A gated pipeline structures agent workflows with explicit quality checkpoints between stages, ensuring outputs meet criteria before advancing.

What This Workflow Is

A gated agent pipeline organizes workflow stages with explicit quality gates between them. Each gate evaluates the preceding stage's output against defined criteria before allowing progression to the next stage.

Unlike linear pipelines where output flows automatically, gated pipelines ensure quality at each transition.
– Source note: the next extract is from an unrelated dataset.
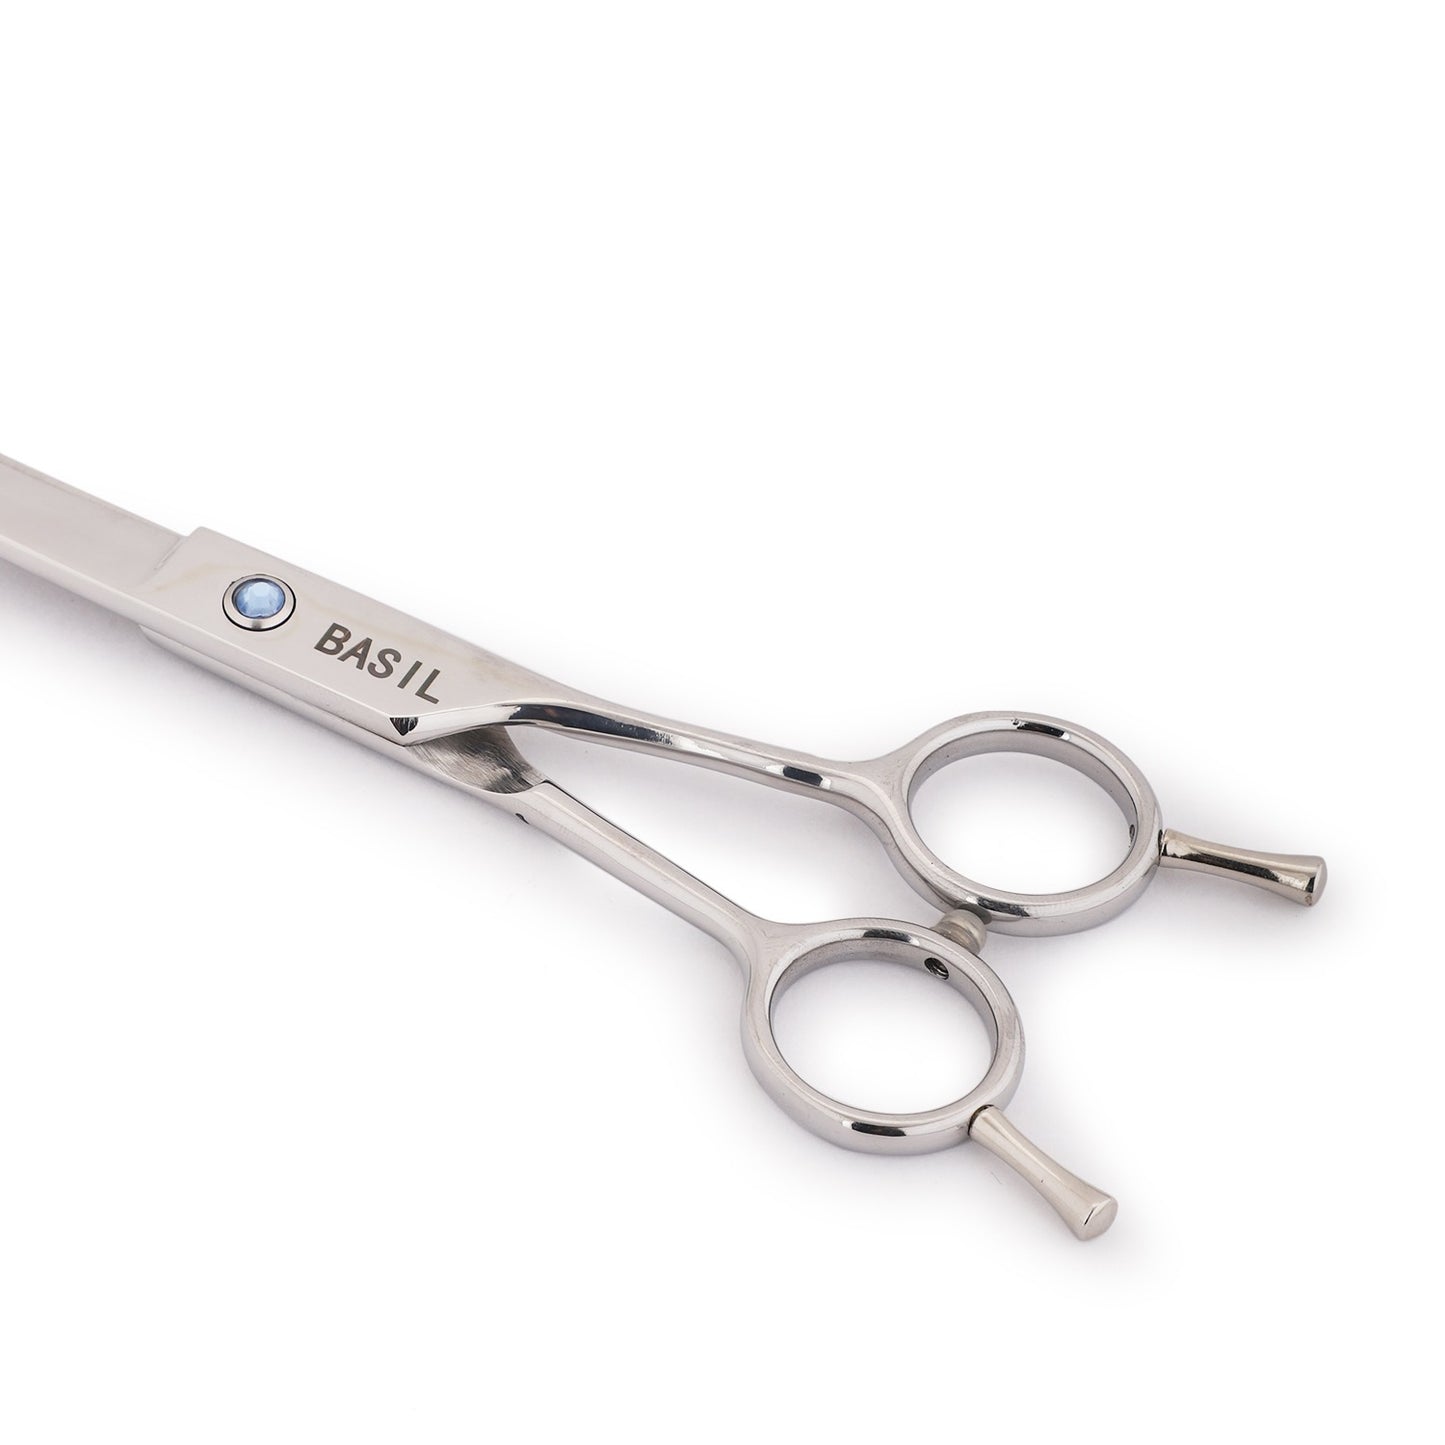 Basil Curved Pro Scissors For Pets

Failures at gates trigger revision, alternative processing, or escalation rather than propagating errors downstream.

Inputs and Outputs

Inputs: - Task specification (what the workflow should accomplish) - Stage definitions (what each stage does) - Gate criteria (what quality means at each transition) - Failure policies (what happens when gates fail)

Outputs: - Final processed result (if all gates pass) - Stage-by-stage audit trail - Quality scores at each gate - Failure reports with specific issues (if workflow fails)

Workflow Steps

1. Stage Execution Each stage performs its designated task: research, analysis, writing, formatting, etc.

2. Gate Evaluation After each stage, a gate evaluates output against criteria specific to that stage. Gates may use rules, models, or human review.

3. Decision Point Based on evaluation: - Pass: Output advances to next stage - Conditional: Output advances with noted concerns for later review - Fail → Revise: Stage re-executes with feedback from gate - Fail → Escalate: Human review required before proceeding

4. Progression Successful outputs move through stages sequentially until final gate produces accepted output.

5. Audit All gate decisions, scores, and any revisions are logged for transparency.

Cost and Safety Considerations

Costs: - Gates add latency (evaluation takes time) - Revisions add compute cost - Complex gates may require specialized evaluators

Safety benefits: - Errors caught early don't propagate - Quality is guaranteed at each stage - Audit trails support accountability - Graceful degradation through escalation

Trade-offs: Adjust gate strictness based on task criticality. High-stakes outputs warrant stricter gates; routine tasks may use lighter evaluation.